**AIM OF THE EXERCISE**
Word for word, copy the entire listing below, but do not carry over any pictures.

**DATASET EXTRACT**

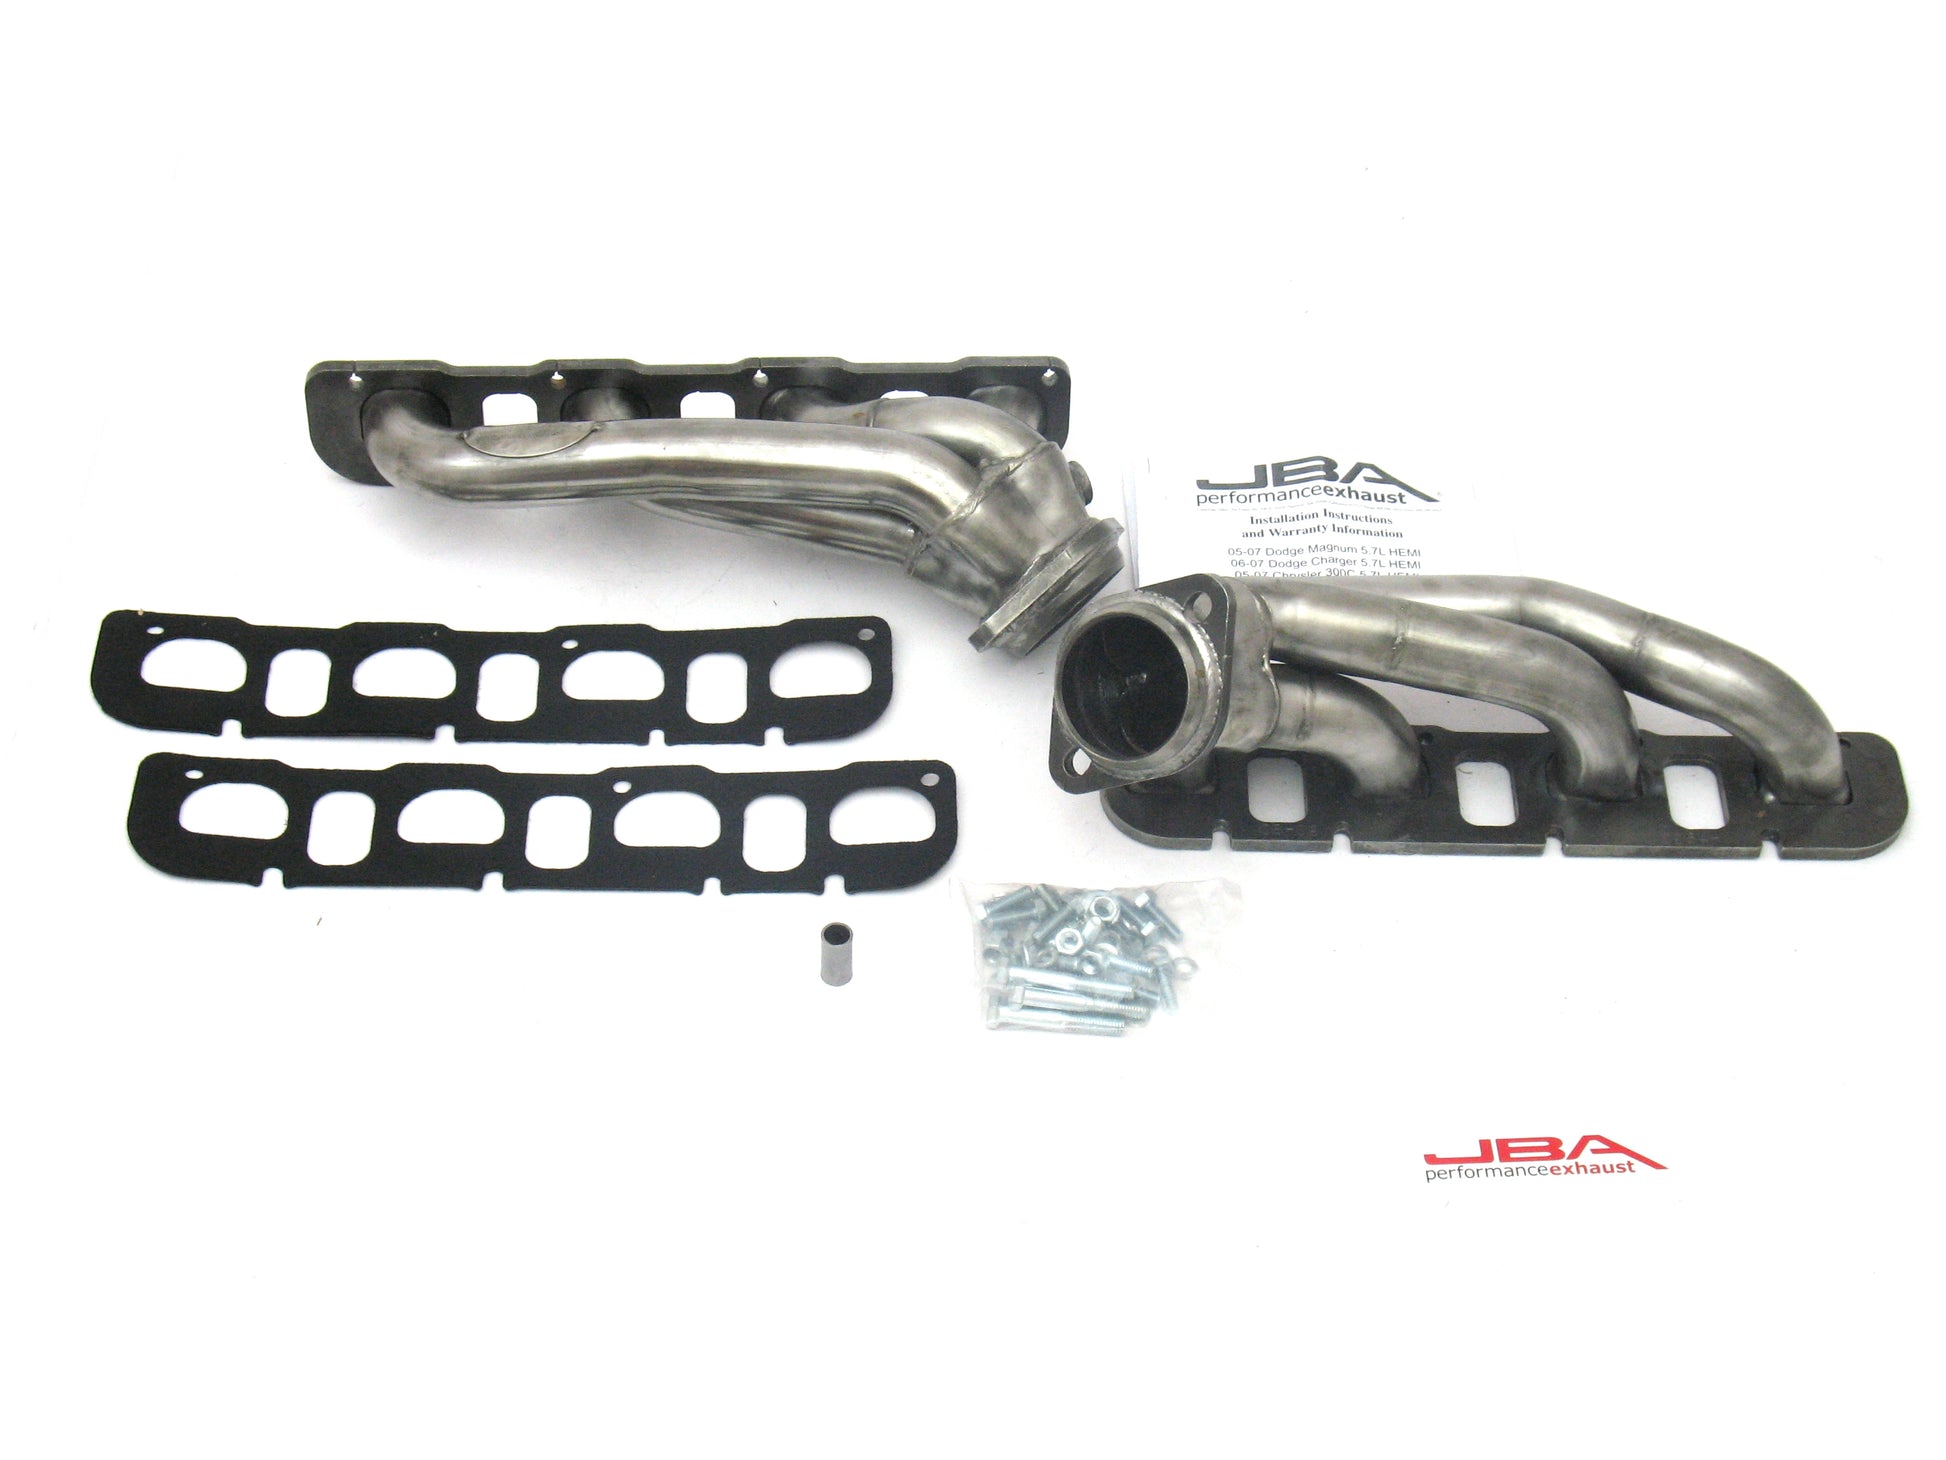 JBA Performance Exhaust 1964S 1 3/4" Header Shorty Stainless Steel 05-08 Dodge Magnum/Charger/300C 5.7L
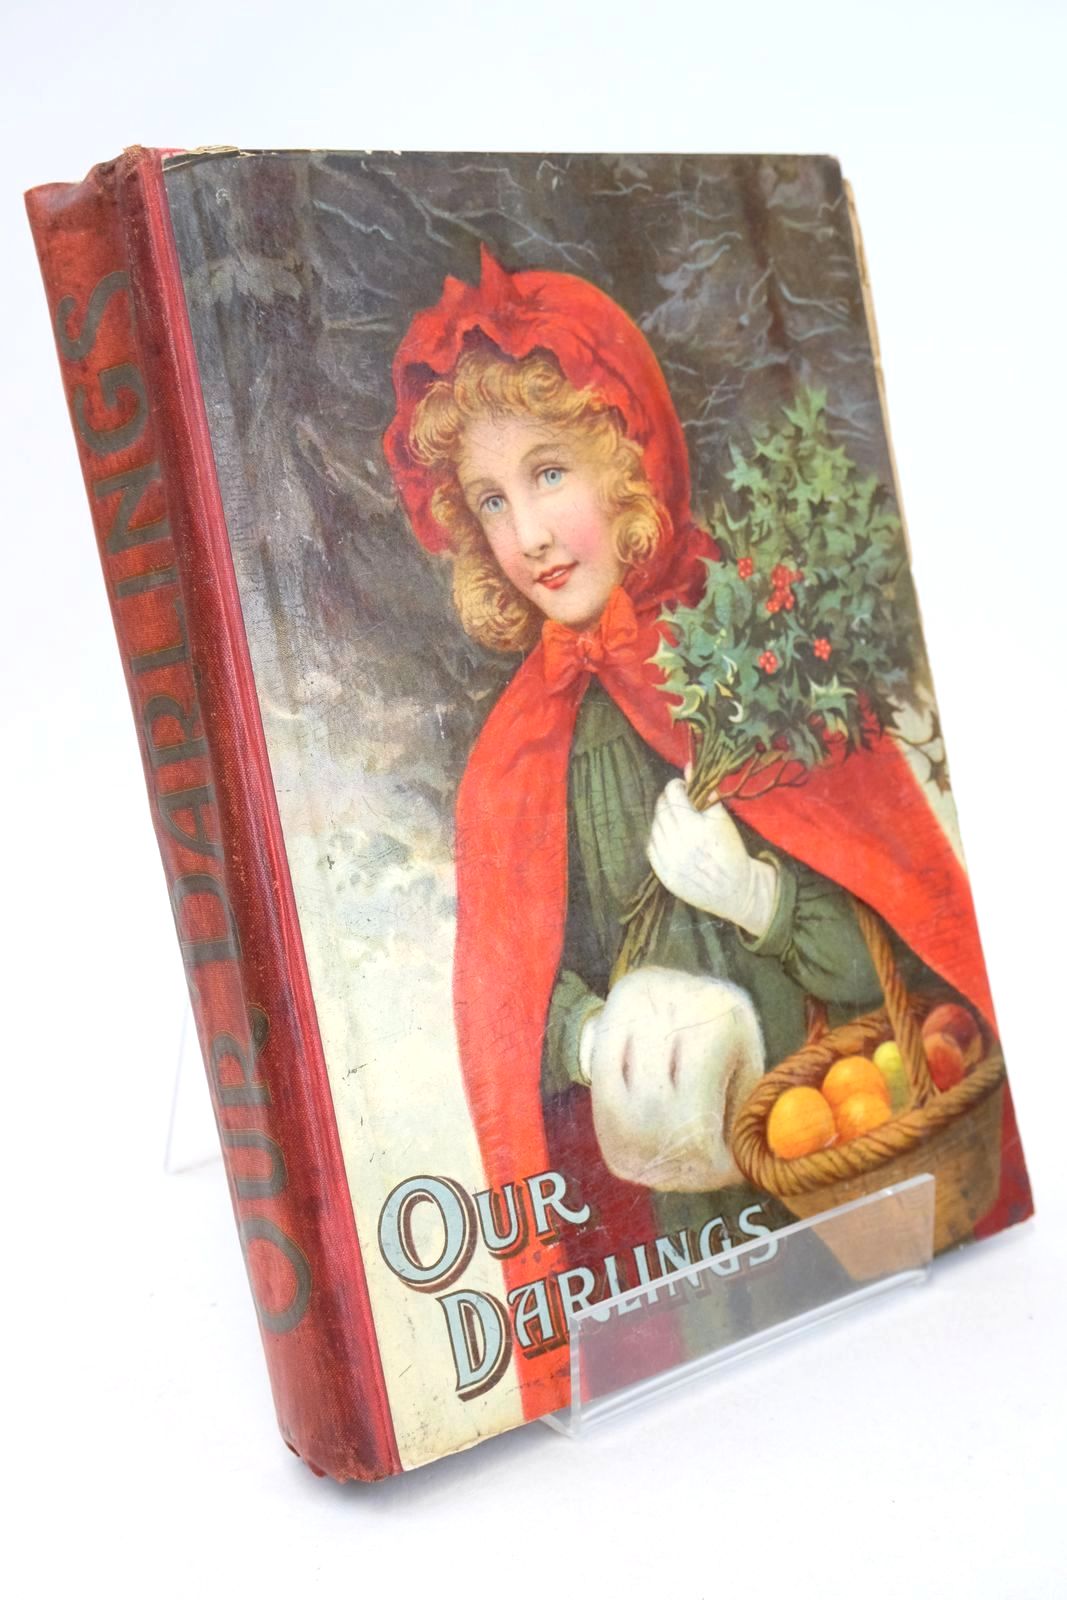 Photo of OUR DARLINGS - 31ST VOLUME written by Comrie, M.S. Shaw, Catharine Atkinson, W.A. Mackintosh, Mabel et al, illustrated by Helmer, Levine Howard, Fred S. Peachey, D. Gladwin, May et al., published by John F. Shaw &amp; Co. (STOCK CODE: 1325926)  for sale by Stella & Rose's Books
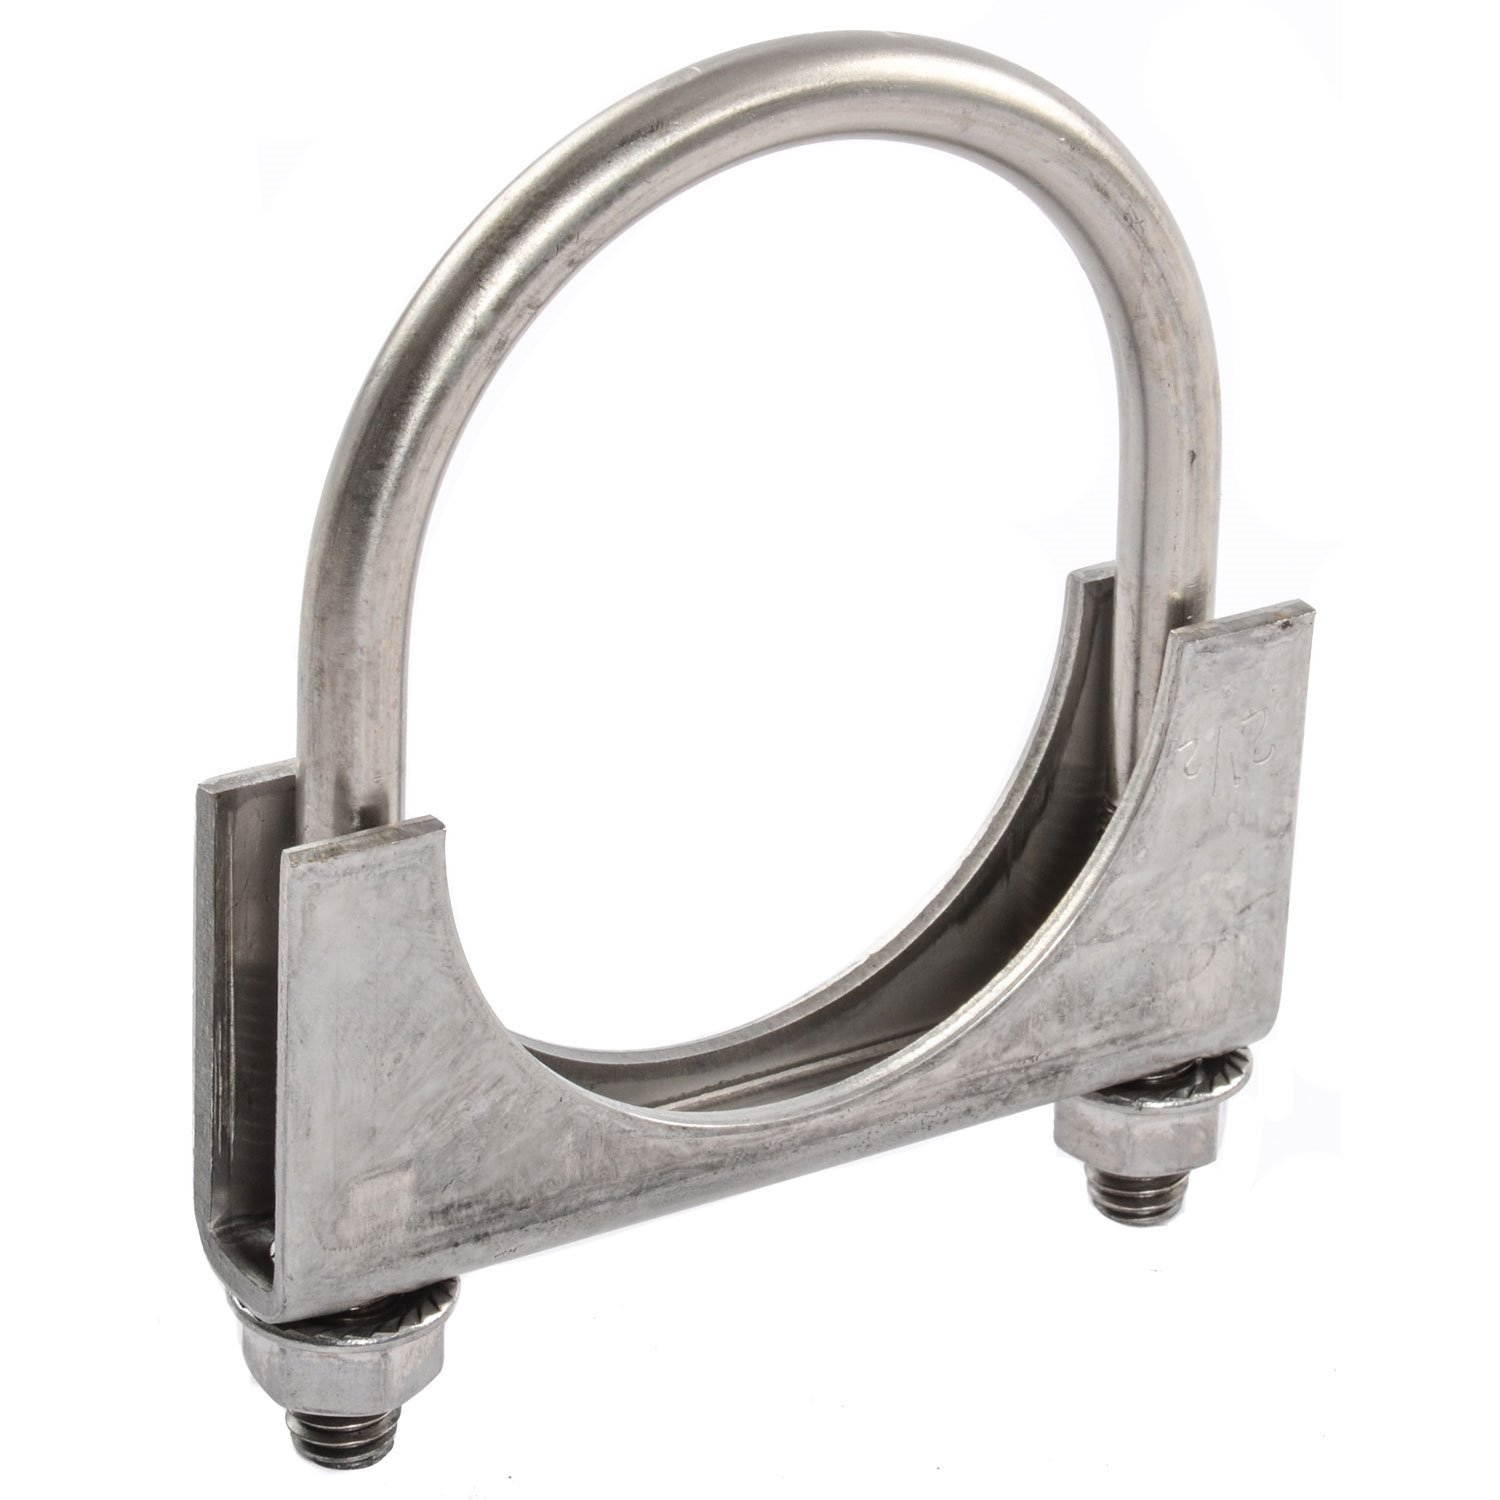 Stainless Steel HD U-Clamp for 2-1/2" OD Pipe

**ANSWER SPACE**
 JBA Performance Exhaust 1964S 1 3/4" Header Shorty Stainless Steel 05-08 Dodge Magnum/Charger/300C 5.7L
 Photo of OUR DARLINGS - 31ST VOLUME written by Comrie, M.S. Shaw, Catharine Atkinson, W.A. Mackintosh, Mabel et al, illustrated by Helmer, Levine Howard, Fred S. Peachey, D. Gladwin, May et al., published by John F. Shaw &amp; Co. (STOCK CODE: 1325926)  for sale by Stella & Rose's Books
 Stainless Steel HD U-Clamp for 2-1/2" OD Pipe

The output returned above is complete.